# Optimizers For Neural Networks

## Optimizers For Neural Networks

### Gradient Descent: Take steps proportional to the negative of the gradient of the loss function (i.e. error surface) at the current point.

hackernoon.com Gradient descent is a first-order iterative optimization algorithm for finding the minimum of a function. To find a local minimum of a function using gradient descent, one takes steps proportional to the negative of the gradient (or approximate gradient) of the function at the current point. Gradient descent - Wikipedia https://en.wikipedia.org/wiki/Gradient_descent

#### tricks by modifying the training examples taken into consideration

• (Standard/Full-Batch) Gradient Descent: Compute gradient w.r.t. ALL training examples. Update with this single gradient for once.
• Mini Batch Gradient Descent / SGD with Mini-Batch: Compute a gradient w.r.t. EVERY so many training examples w/o replacement. Update parameters as soon as each gradient is computed.
• Stochastic Gradient Descent (SGD): Compute a gradient w.r.t. EACH training example. Update parameters as soon as each gradient is computed.

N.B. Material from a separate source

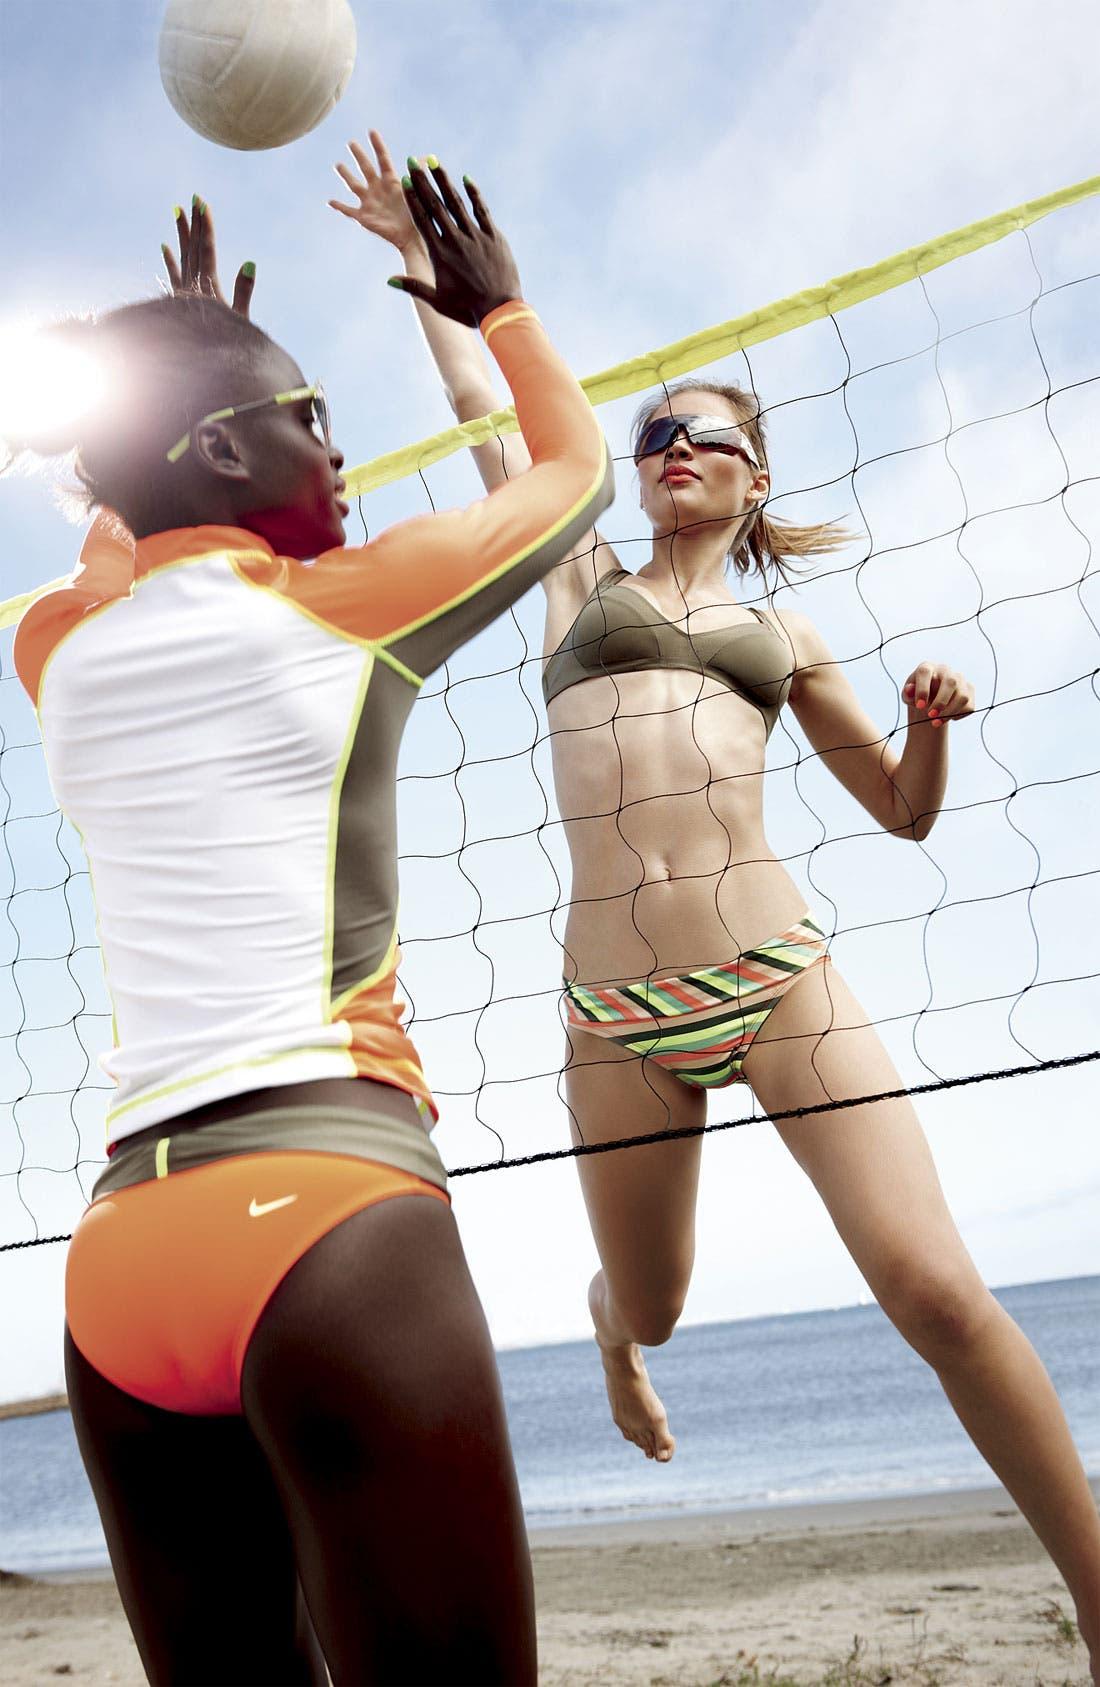 Main Image - Nike Rashguard & Bikini Bottoms

#### tricks by considering previous values of the vector

• SGD w/ Momentum: Update the vector with the gradient, then add a fraction of the previous values of the vector (the “momentum”) to the current vector. (Essentially a “decaying average”.)
• Nesterov's Accelerated Descent: Update the vector with the momentum first, THEN compute and update with the gradient.
• Averaged SGD: Keeps track of all values taken by the vector. After training, replace the vector with the average of these historical values.

#### tricks by modifying the learning rate

• LRV - Learning Rate as Vectors”: Replaces the General Learning Rate with a vector. (i.e. Each parameter has its own learning rate now.)
• Adaptive Learning Rates: (with LRV) At each step, for each LR in the LR Vector, update it to be the General LR divided by something.